Dr. Ward has written a couple Op-Ed pieces in the Union Leader and has engaged Dr. Cameron Wake from UNH on those pages. Dr. Wake may be the only scientist on the task force and did not attend the Manchester Public Listening Session.

The Ward and Wake Op-Ed pages are:


NHDES Energy Task Force 18 September 2008

At the risk of stating the obvious, there are at least two major issues which the Task Force must recognize. These issues seem simple to any meteorologist who is current on the state of the weather observing network and on the skill of weather forecasting models, but seem to elude those with a political agenda.

The two questions: the extent to which there has been a general warming trend in the atmosphere and the extent to which we may expect a general warming in the future are not simple to answer.

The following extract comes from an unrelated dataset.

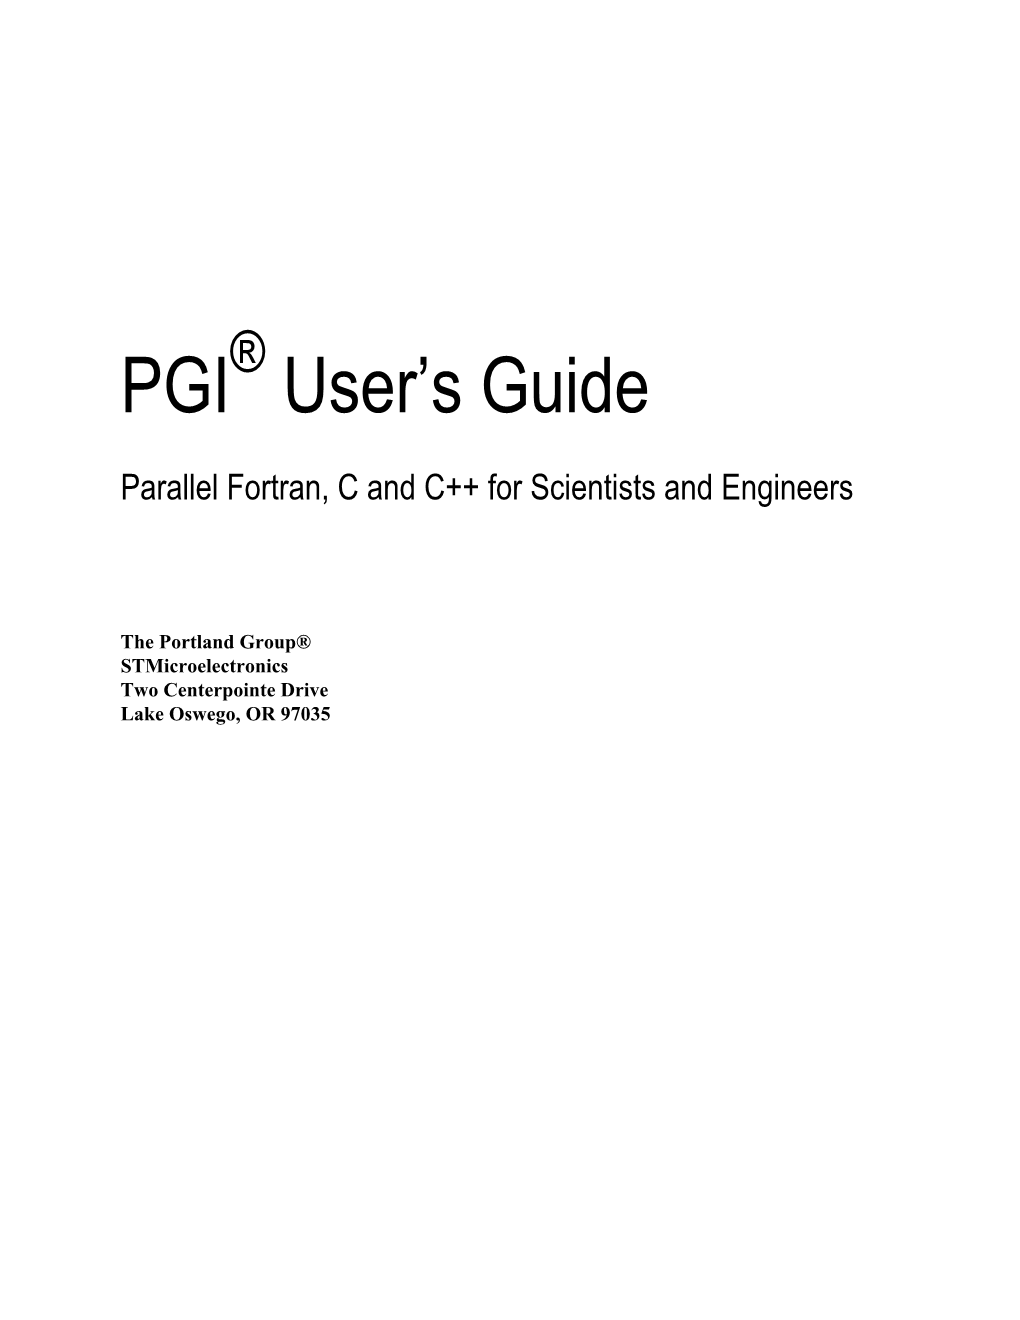 PGI Fortran Guide

Most unfortunately, there are people, including some scientists, who have reasons for obfuscating the answers to both of these questions. There is a lot of research money available for supporting research, provided the research assumes there is a big problem, i.e., catastrophic warming is inevitable, and soon!

For better of for worse, neither the current temperature measurements, nor the predictive models which forecasts years into the future, provide useful information to definitively answer either question. Despite much hoopla, the weather data to date, while possibly suggestive, in no way prove a general warming trend. Similarly, the models, all of which for some reason show catastrophic weather changes in the future, have never been shown to have any greater skill than a coin toss. You might wonder how come they all talk of more rain in wet areas, more droughts in dry areas, more storms in stormy areas, more freezes in cold areas, etc.

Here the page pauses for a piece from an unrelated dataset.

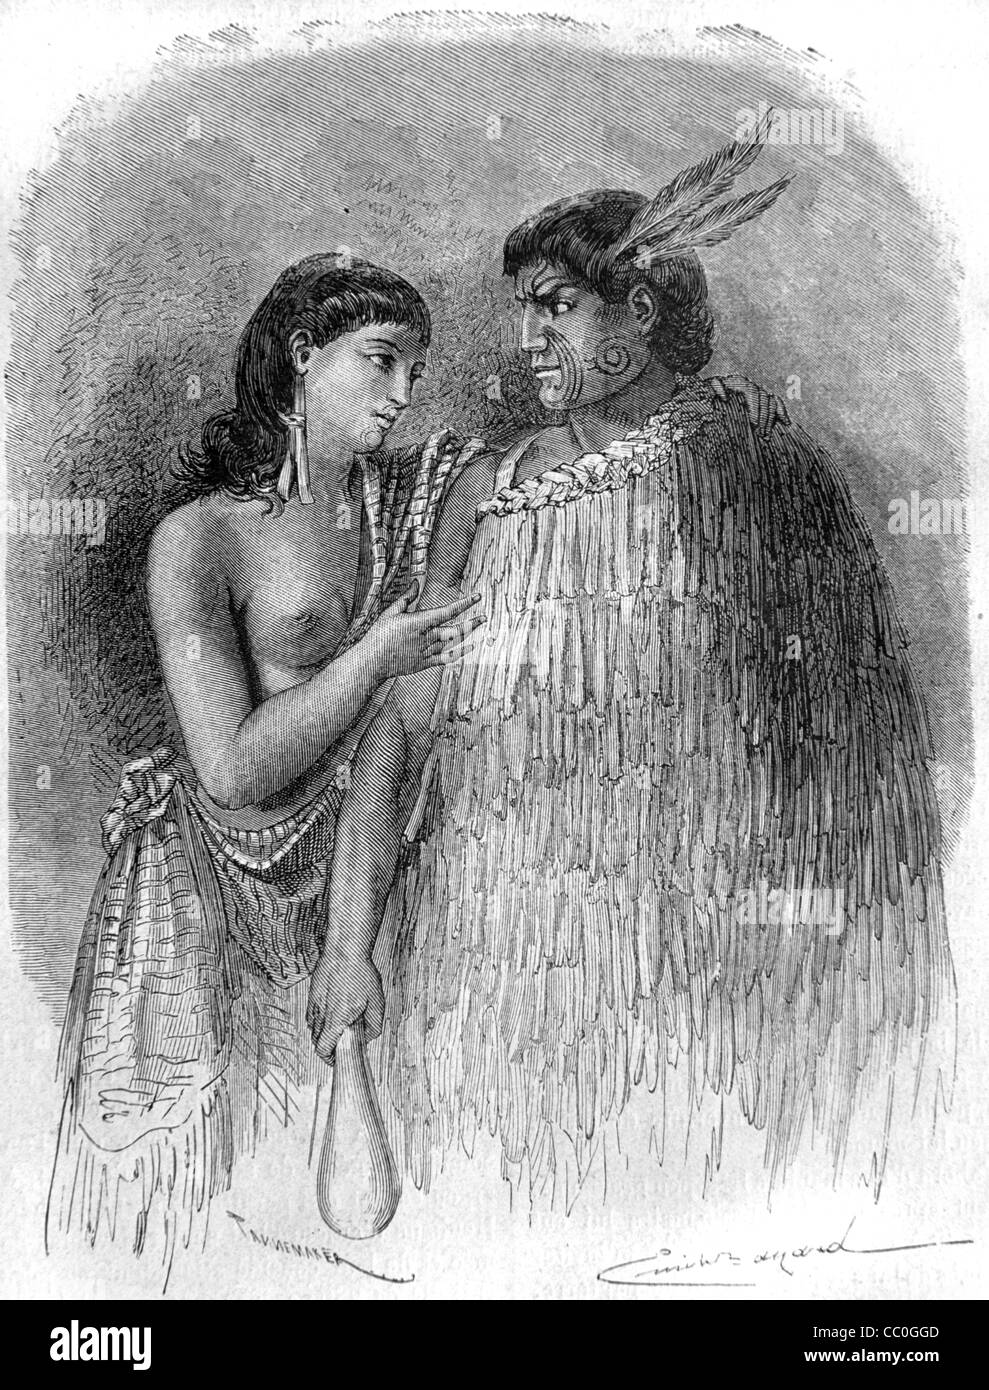 Hone Heke, oder Hone Wiremu Heke Pakai (1807?-1850), Maori-Chef und Anführer, und Ehefrau, Neuseeland. Anstifter des Flagstaff-Krieges. Vintage Illustration oder Gravur Stockfoto

A member of your Task Force, Professor Wake, has published papers and given talks on his “finding” that the wintertime temperature in New England, has warmed 1 ½ degrees per decade for 30 years, with similar warming to continue. However, the data for the decade following his original 30 years, show not an additional 1 ½ degree warming, but a substantial cooling. His published response, when I pointed this out, was to “move the goalposts” right out of the stadium. His response changed his definition of “winter”, the period of years covered and the area for his analysis. But he never responded to my original point, which was, that using his same definitions, the temperature has been cooling, not warming.

There is an important point to be made from the preceding, and it’s not that the atmosphere is beginning a general cooling trend. The point is that the data and models need to be treated with extreme caution, lest we charge off into the unknown, spend untold amounts of time, effort and money, and look foolish. New Hampshire has a well-founded reputation for caution; this is not the time to be scared into actions which will in all likelihood prove to be counterproductive.

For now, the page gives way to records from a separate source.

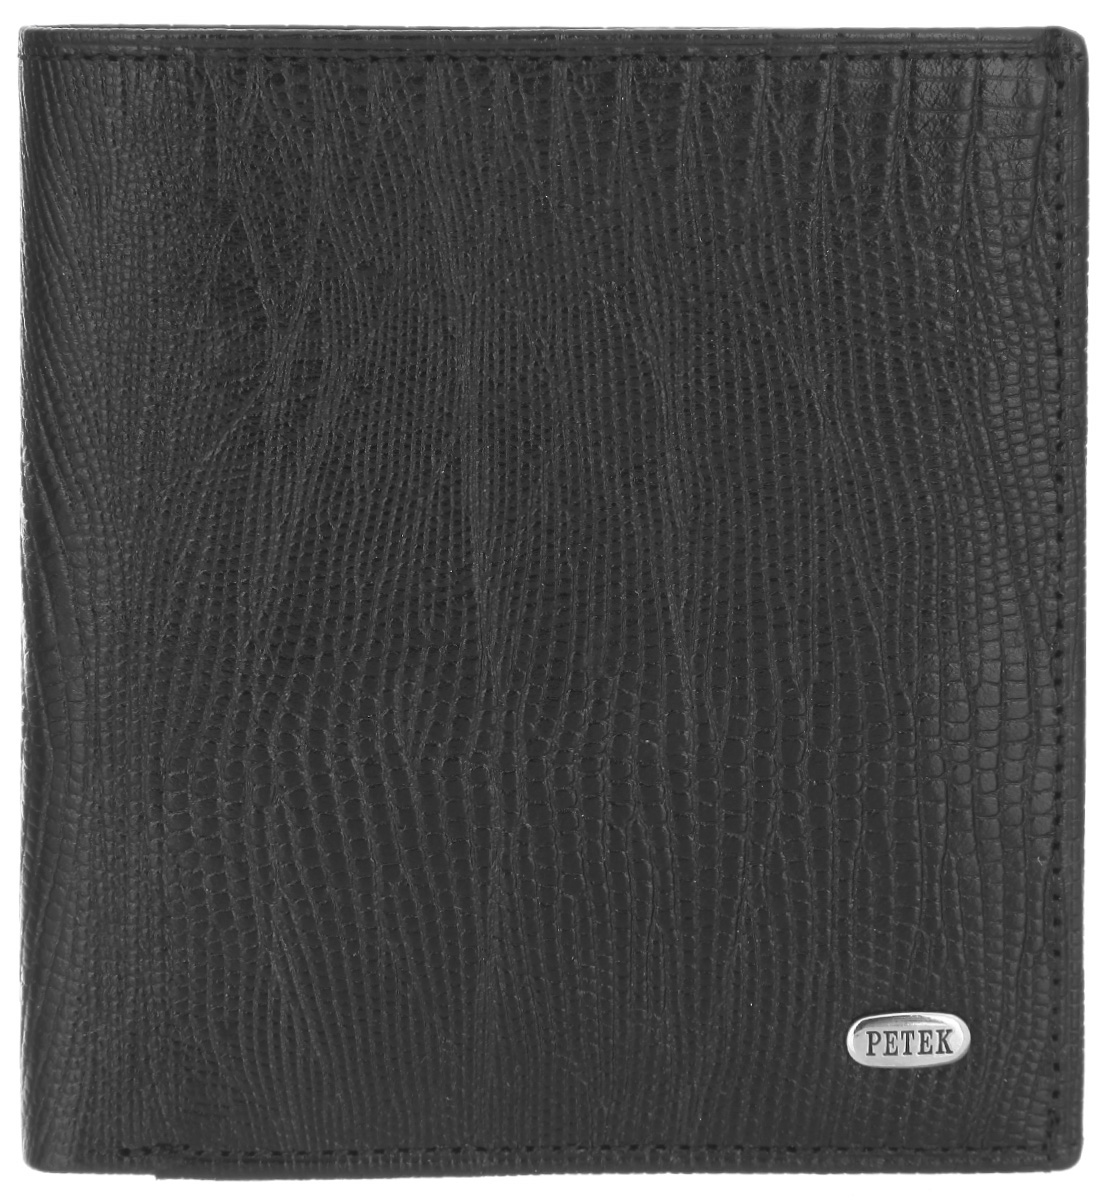 Портмоне мужское Petek 1855, цвет: черный. 212.041.01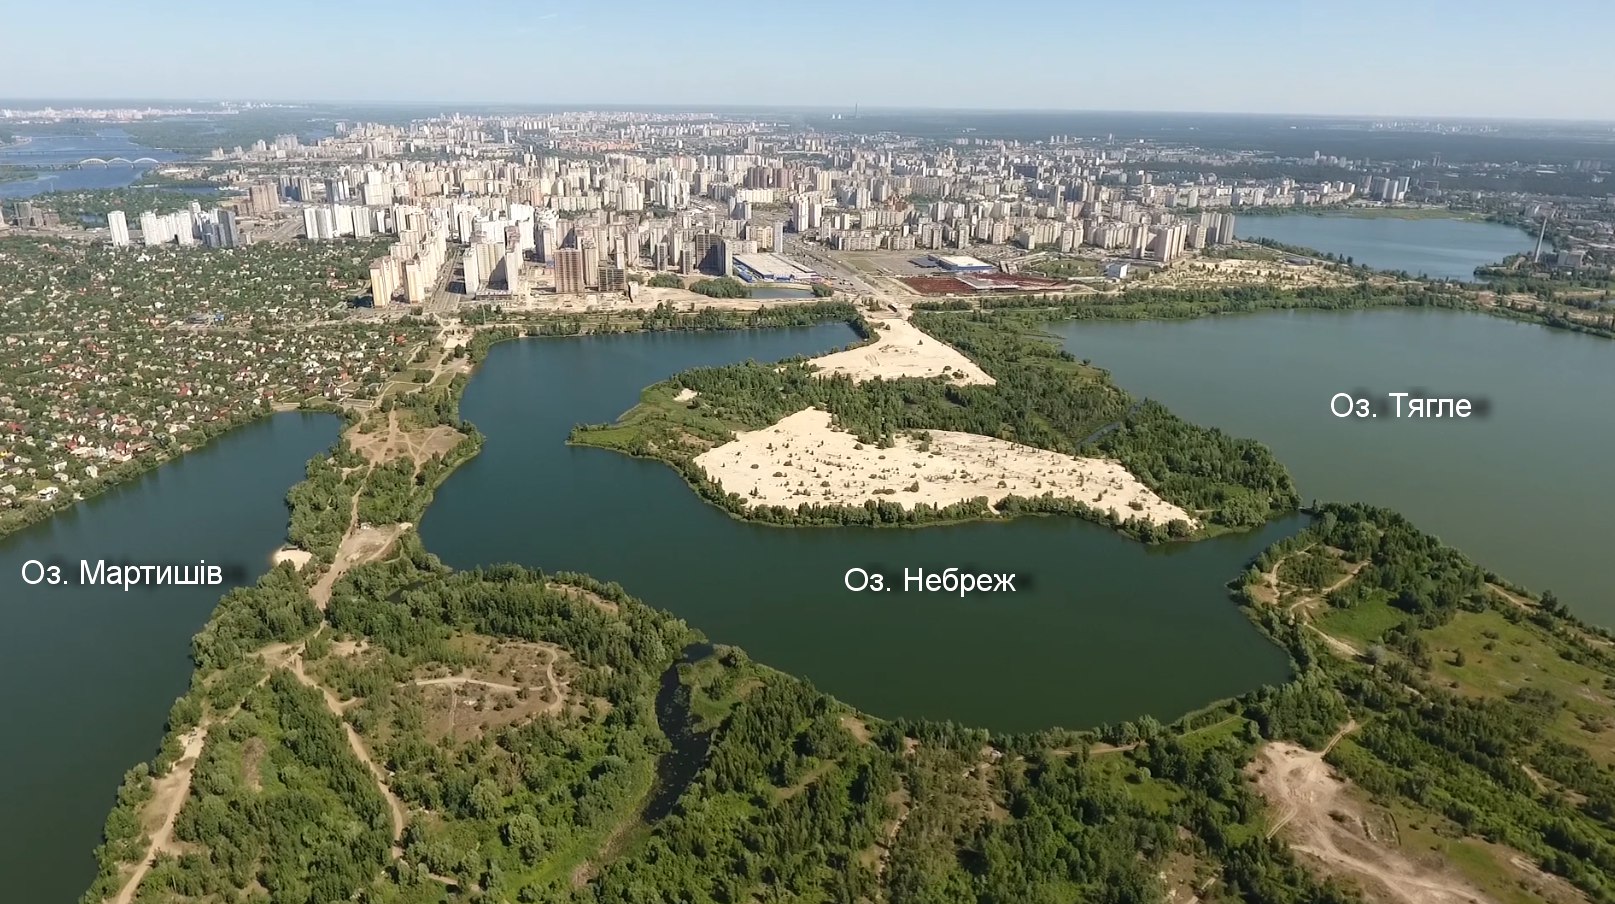 Почему застройка "Экопарка Осокорки" угрожает природе и разрушает экосистему Киева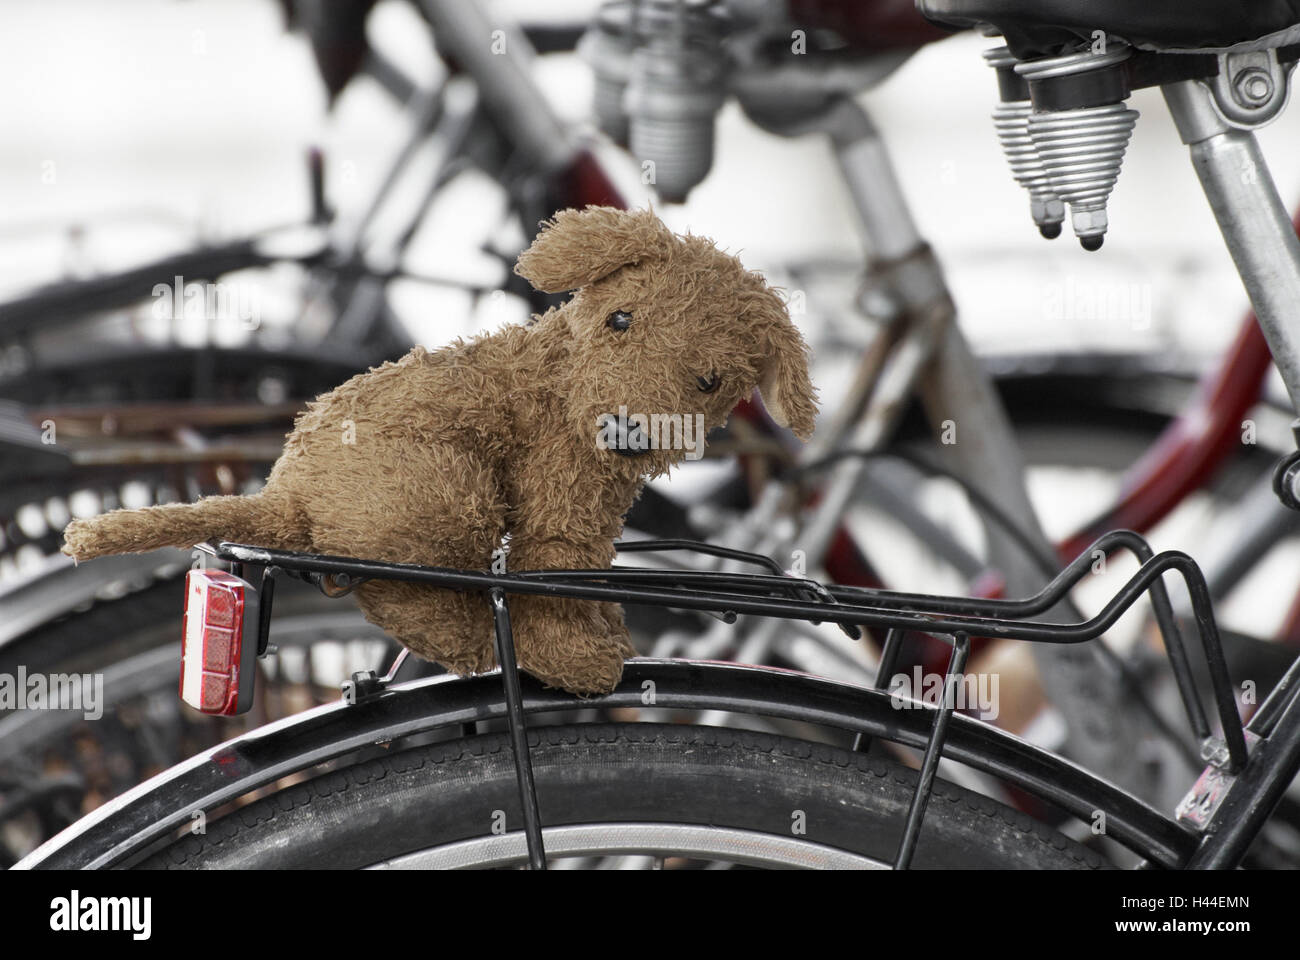 Peluche, bicicletas, pannier rack, luz trasera, neumáticos, sillín,  close-up, detalle Fotografía de stock - Alamy

Finally, turning to the question of what the Task Force should consider, it would seem advisable that it should concentrate on the main sources of CO2, cars and power plants. Wind and solar, while helpful, can’t make a serious dent in reducing the CO2 emissions from these two sources. Concentrating on better battery technology and nuclear power plants solves the major fraction of both our CO2 and imported oil problems. Spending some limited time and energy on other possible alternatives, while worthwhile, merely distracts from the main issues. Conservation is always useful, but getting our citizens to conserve is difficult.

In summary, there are no reliable data to support a crash program of alternative energy, but there is enough data to support an effort to gradually convert our power plants to nuclear fuel, and our automobiles, at least partially, to electricity.